What you will do — Nothing but the lines from the one that holds "KRYDEX Hunting Molle" through the end of the material should be repeated, each exactly as it stands, and pictures stay out.

Given information —

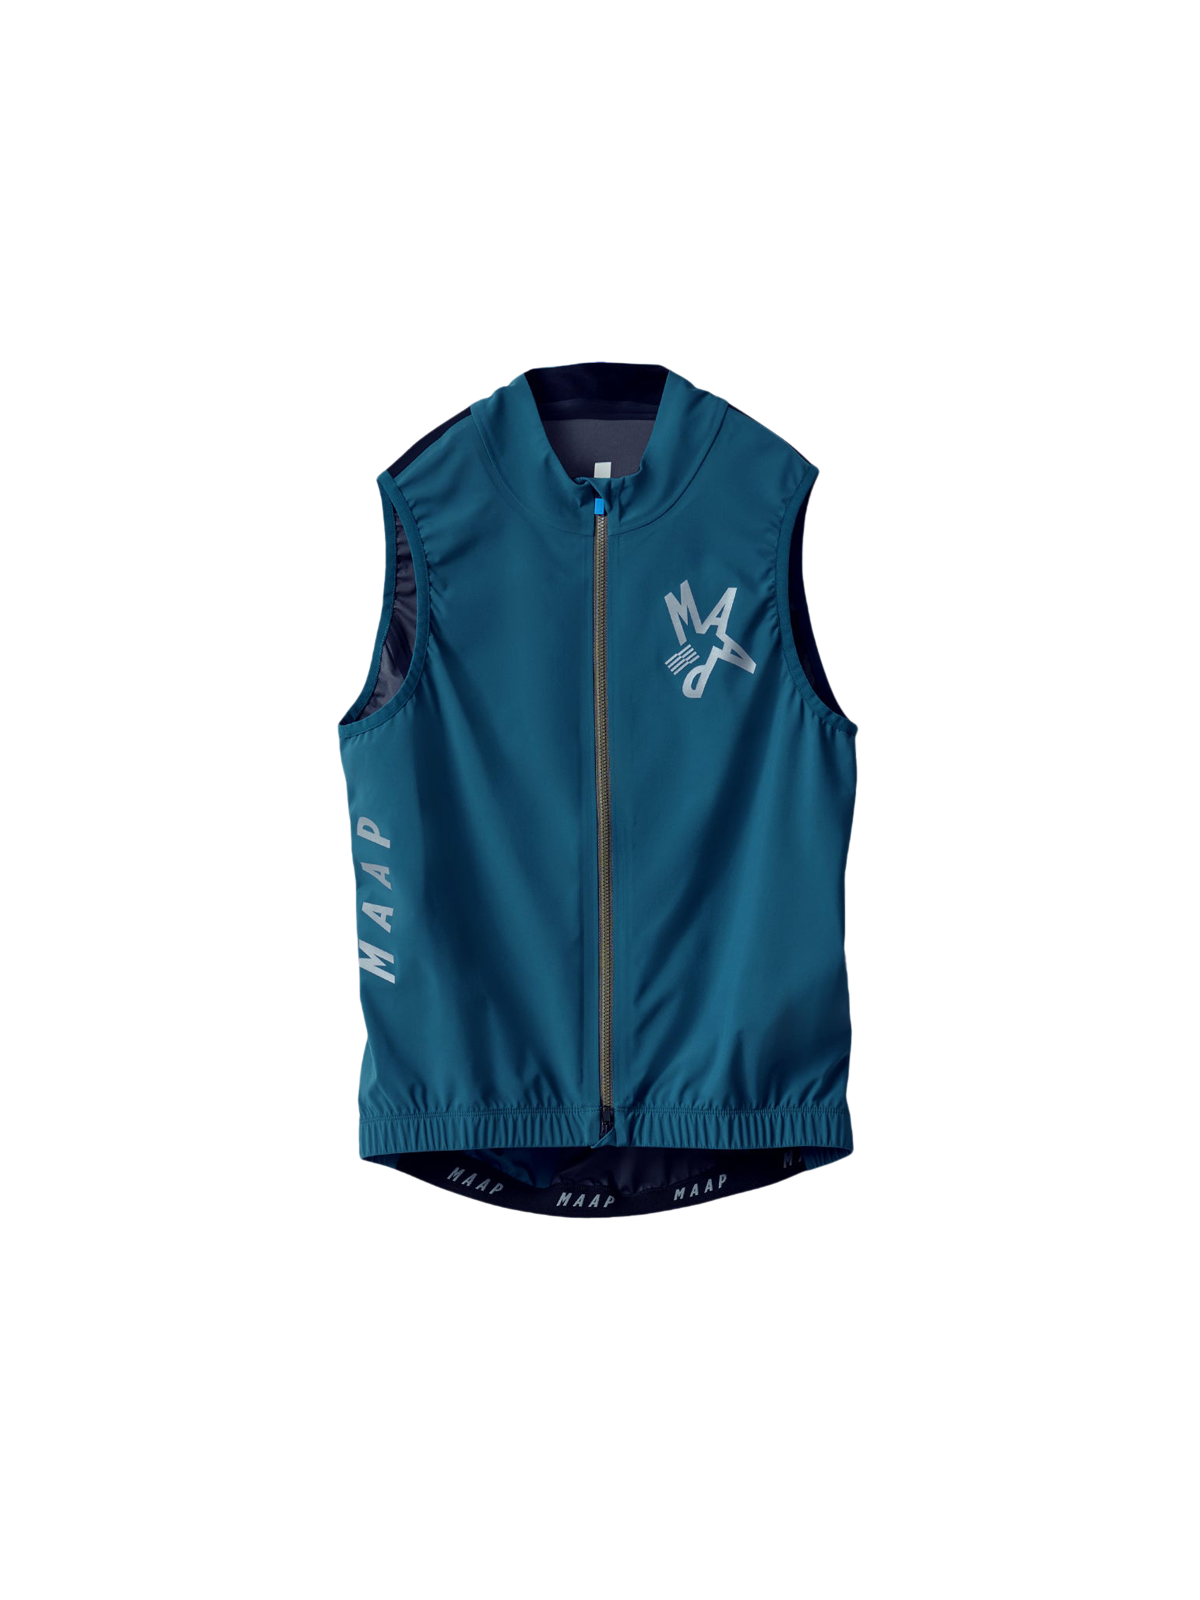 Women's Prime OffCuts Vest - MAAP Cycling Apparel
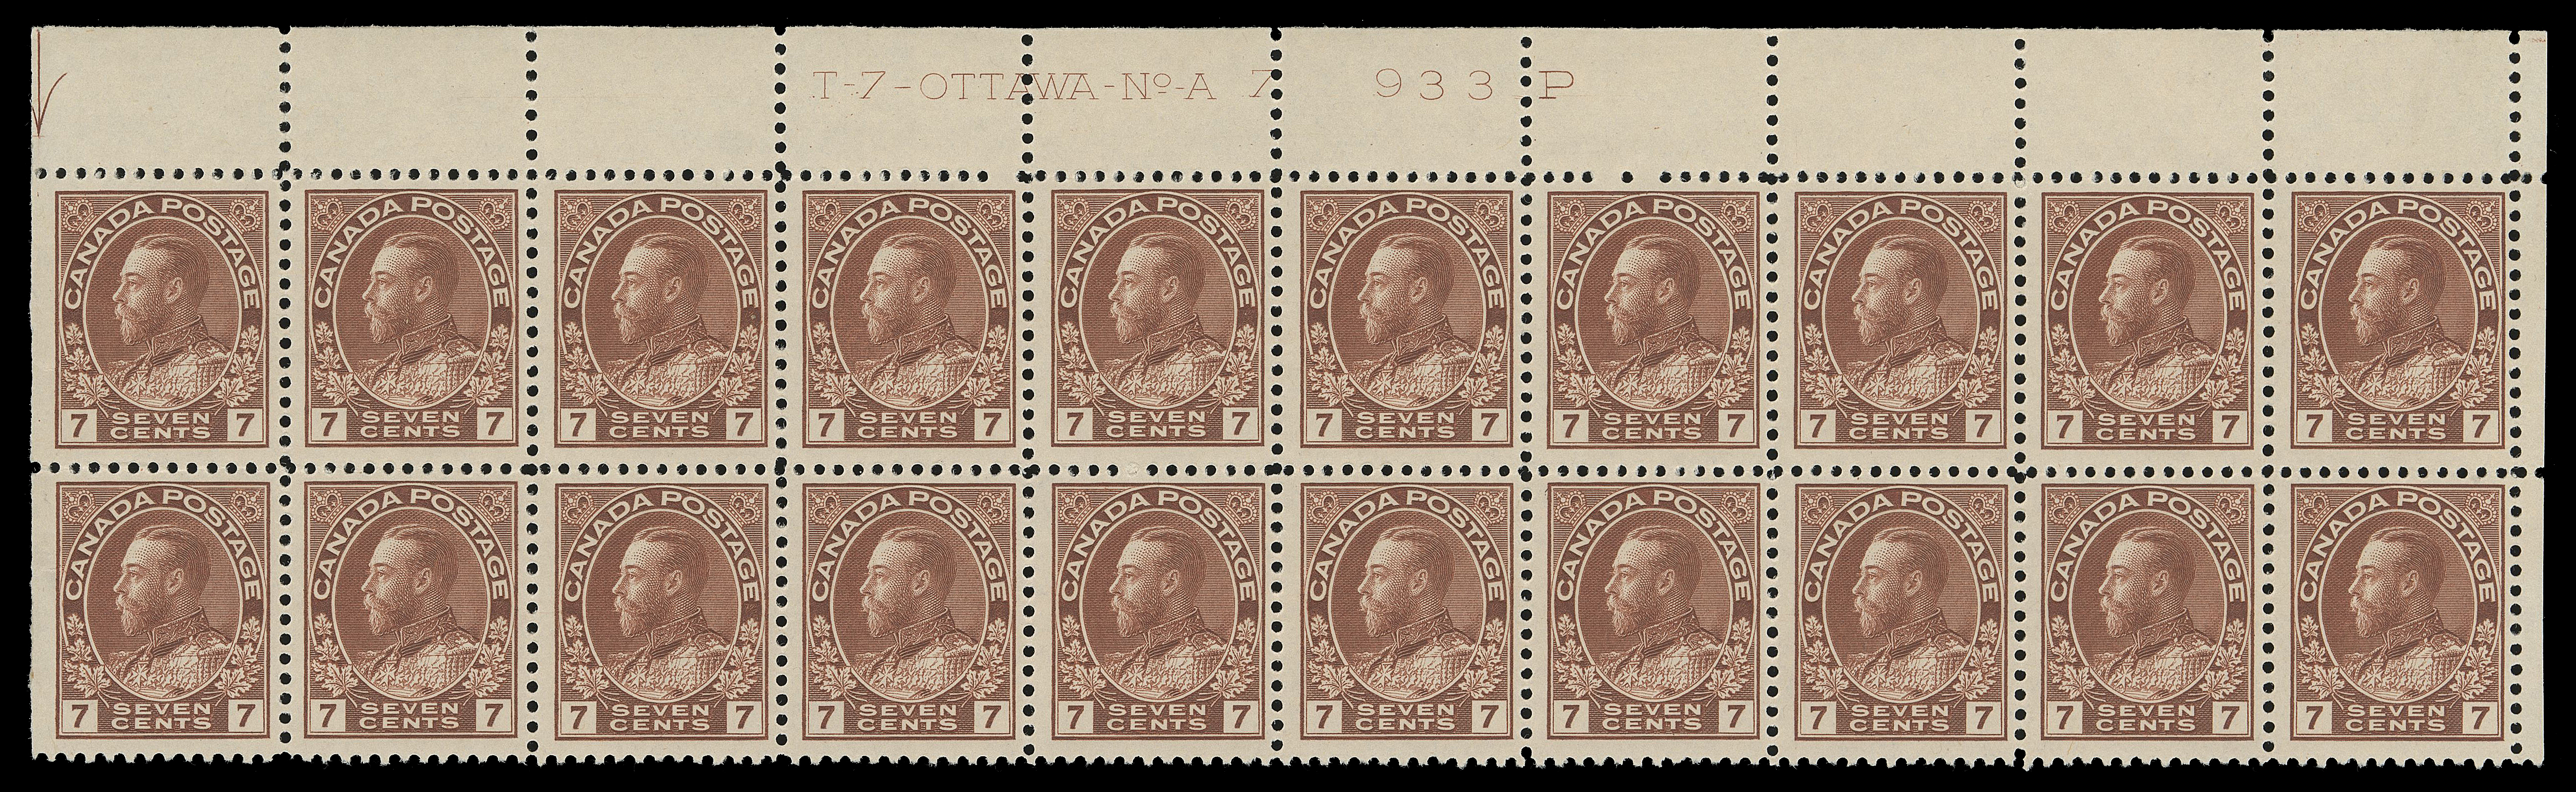 ADMIRAL STAMPS  114,Upper right Plate 7 block of twenty with bright fresh colour, reasonably centered, LH on straight edge stamps at left an upper right stamp, leaving seventeen NH, F-VF and scarce (Unitrade cat. $1,165)
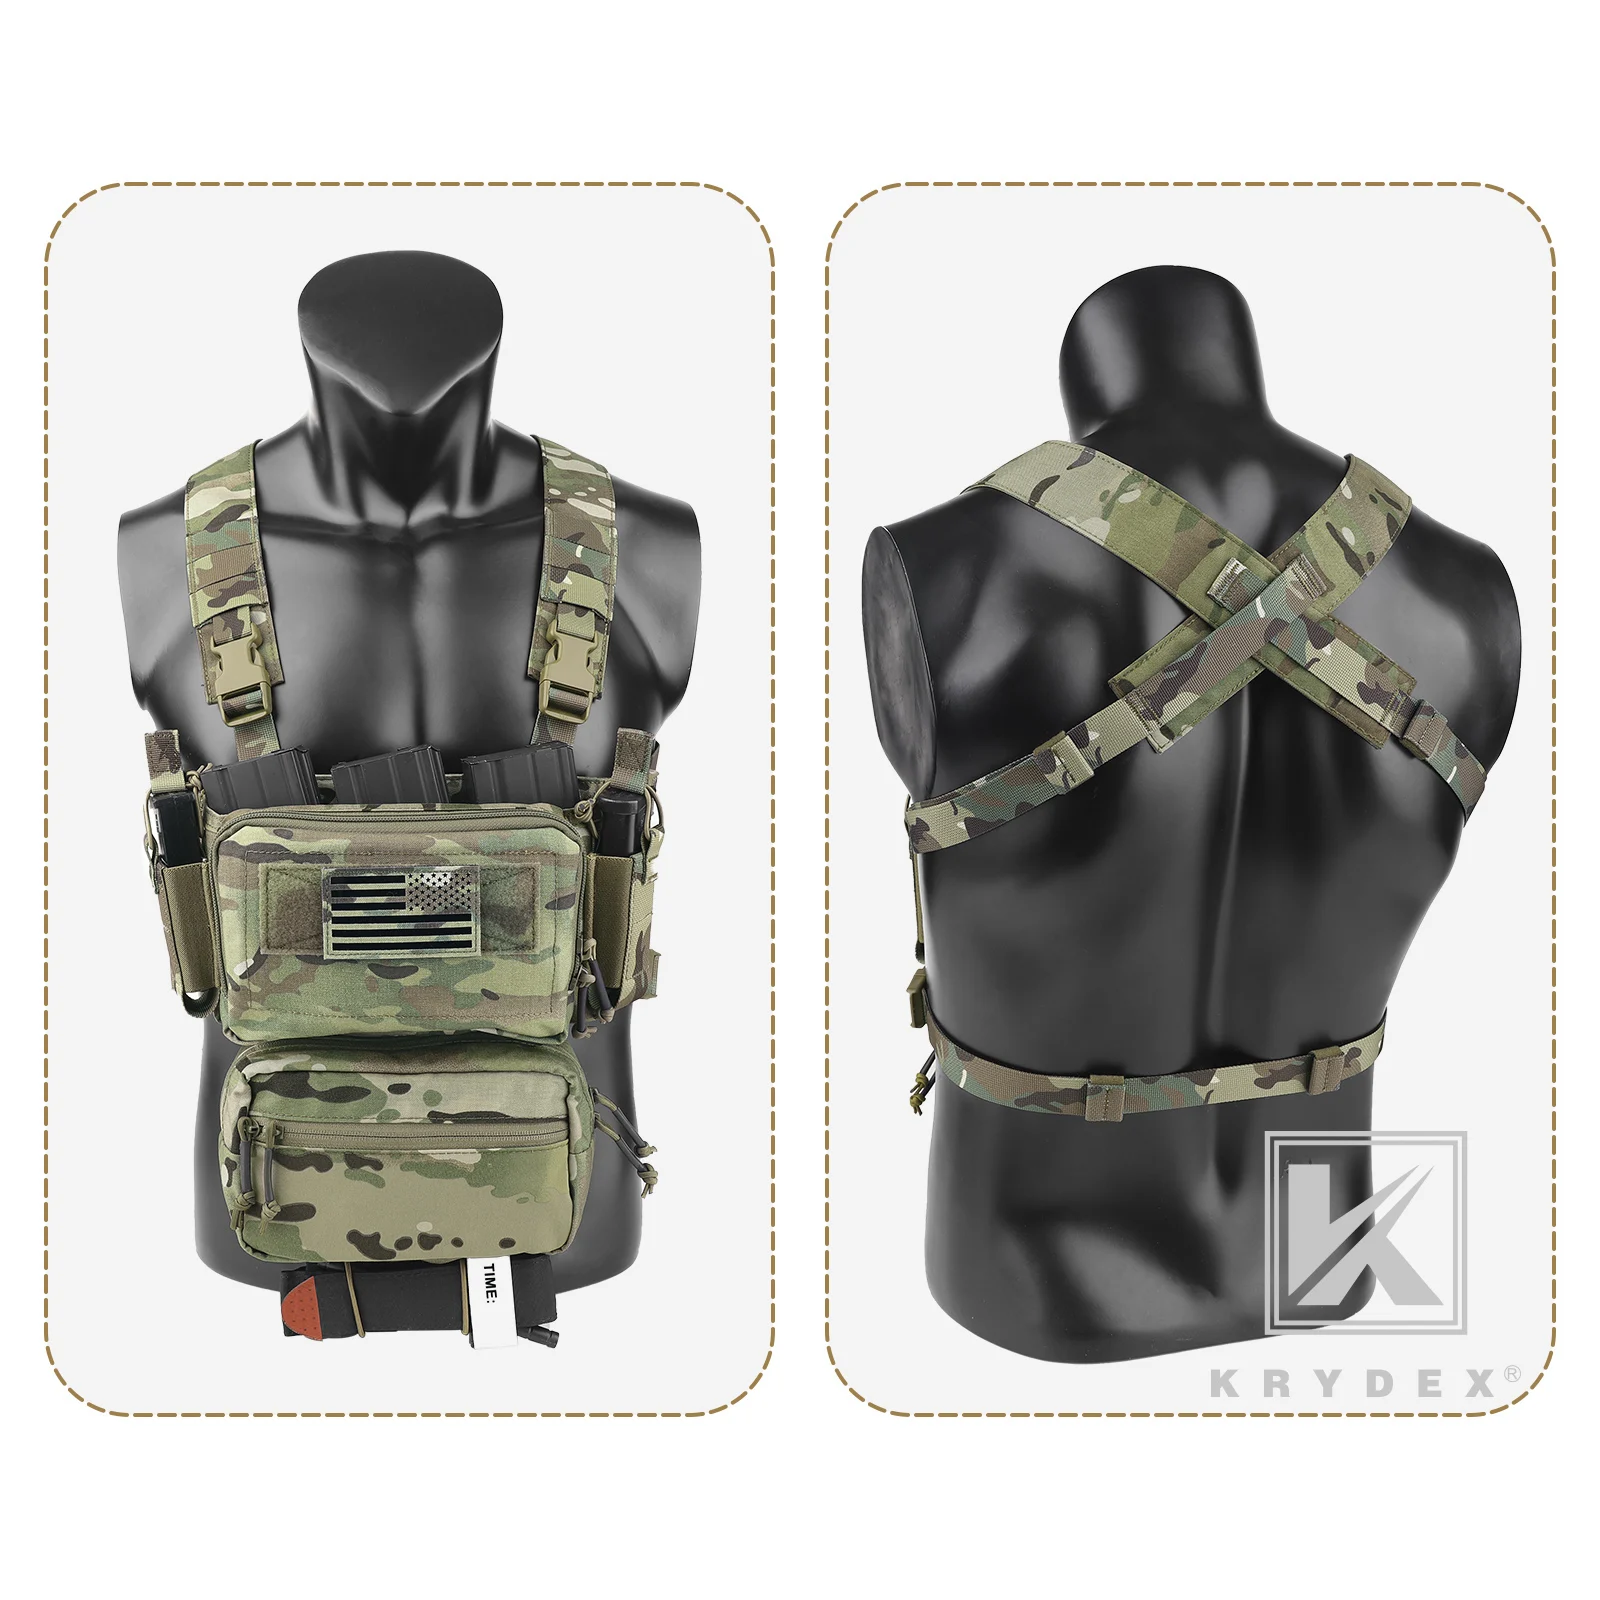 KRYDEX Hunting Molle Tactical Military D3CRM Tactical Chest Rig Outdoor Airsoft accessories EDC Caza Lightweight colete Military images - 6
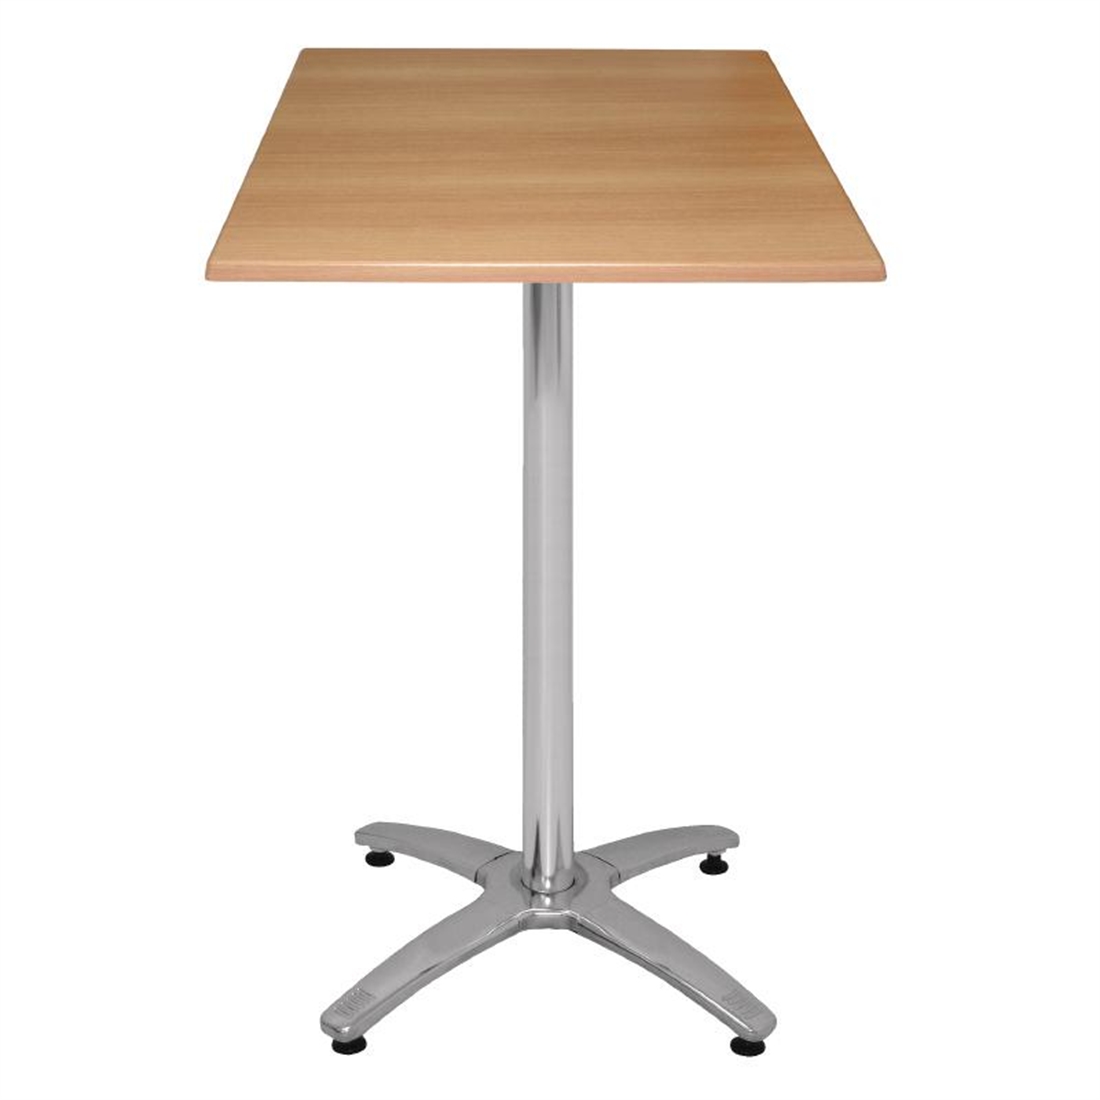 Special Offer Bolero Poseur Height Square Beech Table Top and Base Combo

Task response —
 KRYDEX Hunting Molle Tactical Military D3CRM Tactical Chest Rig Outdoor Airsoft accessories EDC Caza Lightweight colete Military images - 6
 Special Offer Bolero Poseur Height Square Beech Table Top and Base Combo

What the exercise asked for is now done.